You guessed it. I’m referring, of course, to arguably the most consequential decision ever made by a political organization in the history of this fair province: whether the Tory backroom boys and girls will let Brad Copa Cabana run for the leadership of the PC Party.
I, for one, am firmly behind Copa.
Those Newfoundland chauvinists who have disgustingly pooh-poohed Copa’s laudable and selfless goal to continue Danny’s godly work just because he’s a %#*&%# mainlander, a non-Newfoundlander, should be ashamed of themselves.
It should not matter an iota that Copa has only lived in Newfoundland for a year.
Who’s to say he hasn’t been able to grasp in 12 months the realities of Newfoundland life, even it’s most complicated of nuances — like, is Leo’s better than Ches’s?
After all, his great, great, great-grandfather’s cousin, twice removed, once bludgeoned an adorable seal to death somewhere on the northeast coast. That’s enough for resident status, is it not?
I know the Tories have been operating like human bumper cars, a regular demolition derby, ever since Danny left the circuit and declared his pit stop permanent, but, in this race, they should recognize that the bleachers of voter-land are absolutely desperate to have Copa on the convention track.
To hell with the skeptics who believe Copa will register the same number of votes as did, say, Dorothy Wyatt in the 1979 Tory leadership contest (zero, in case you’re wondering; even her father, a delegate, refused to cast a ballot for his wing-nut daughter).
If given the chance, Copa would scare the bejesus out of Madame Dunderdale, and turn the coronation into a real barn-burner, a nail-biter, the kind of racket that would put past Tory and Liberal leadership battles — Crosbie and Smallwood, Rowe and Roberts, Peckford and Doody, Grimes and Efford, etc. — to absolute shame.

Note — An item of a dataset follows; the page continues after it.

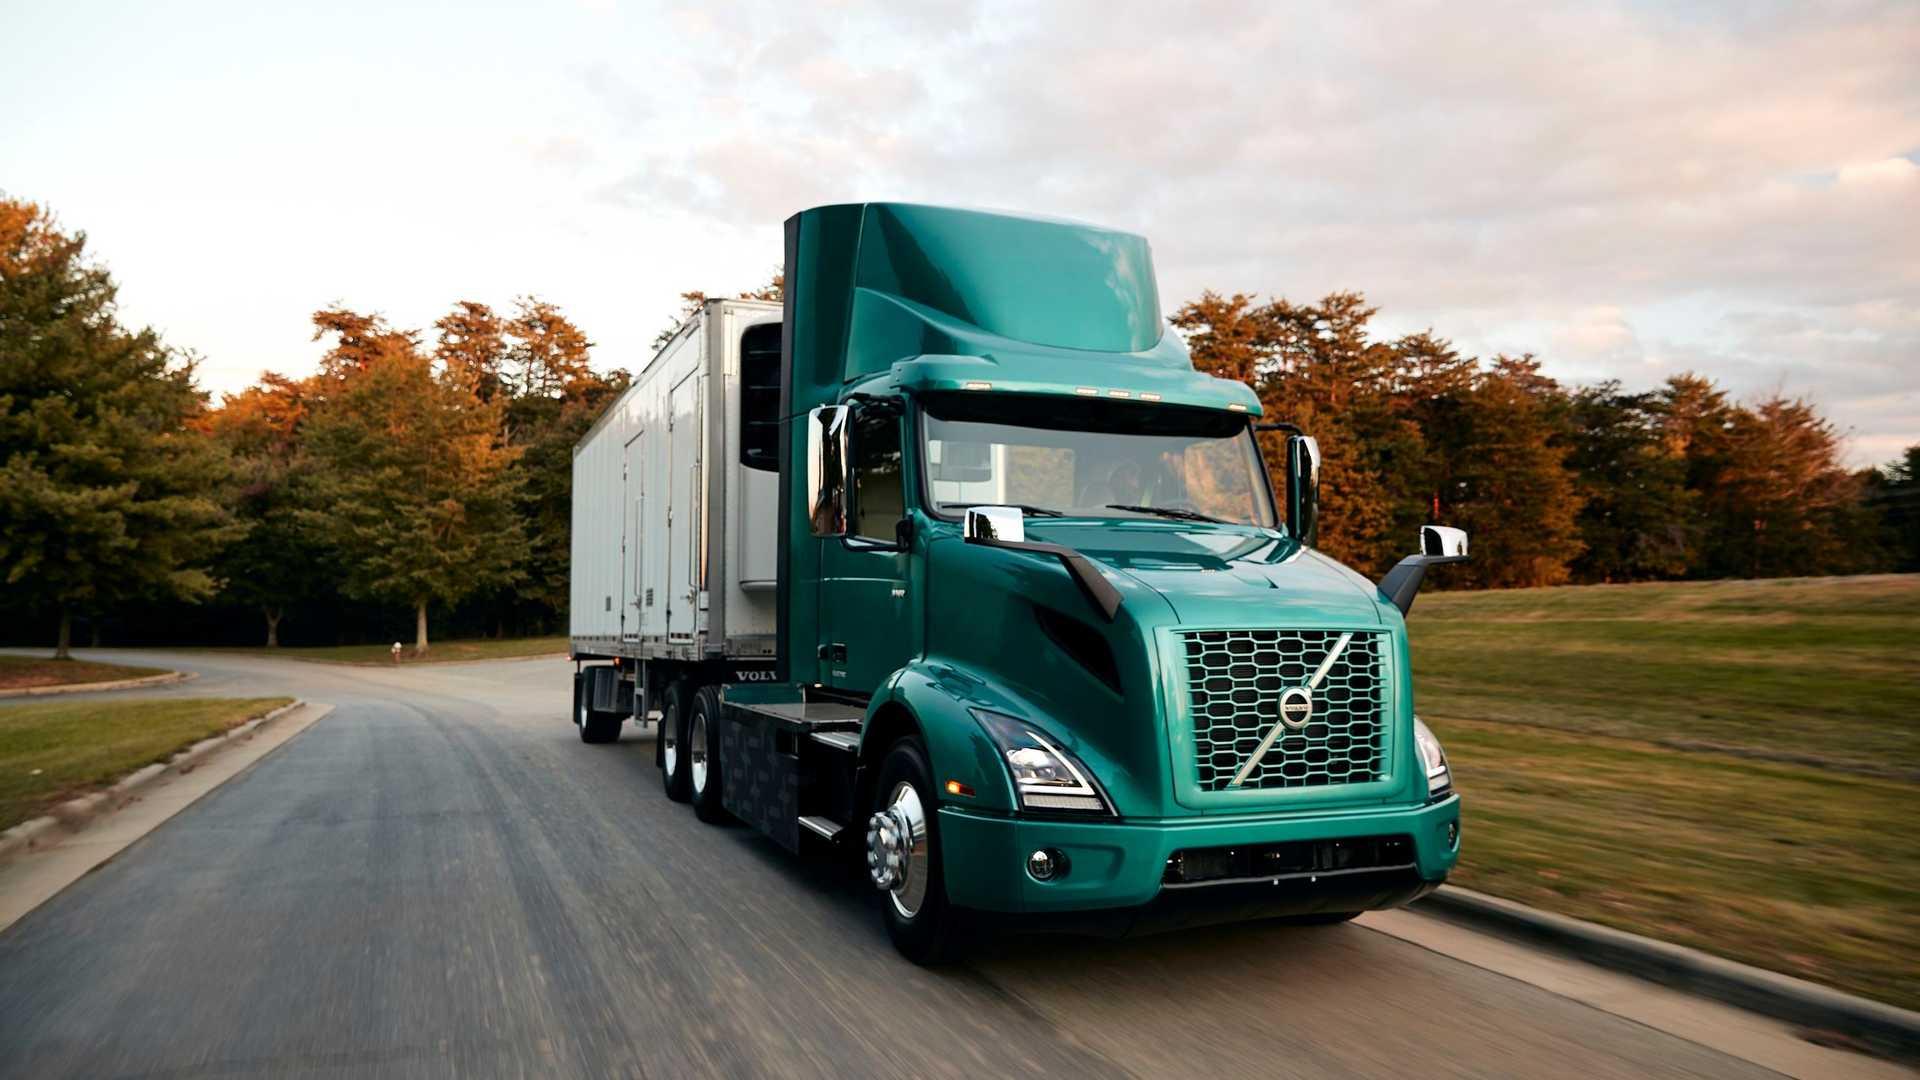 volvo vnr electric 2 اولین کامیون تمام برقی Volvo Trucks معرفی شد اخبار IT

Even if Copa were to be defeated, but only in a squeaker, for sure, his speech at the convention, in any case, would make his inclusion in the contest worthwhile, a performance of oratorical skills for the ages, 10 or 15 minutes of eloquence that would eventually find itself in the archives of The Rooms, positioned in appropriate prominence next to the recorded debates of Smallwood and Peter Cashin at the National Convention.
I know I’d be hanging on his every word if Copa is given an opportunity to sell his wares, a chance of a lifetime for all of us, in fact, to see and hear first hand how he made such a splash in the exciting and competitive arena of small town politics on the Saskatchewan prairies.
If he could make it there, as Frank Sinatra once sang of New York City, he could “make it anywhere.”
Just a reminder: Monday, Jan. 24. A day that will live forever in the history books of this smiling land.
You go Copa.
Bob Wakeham has spent more than 30 years as a journalist in Newfoundland and Labrador. He can be reached by email at firstname.lastname@example.org.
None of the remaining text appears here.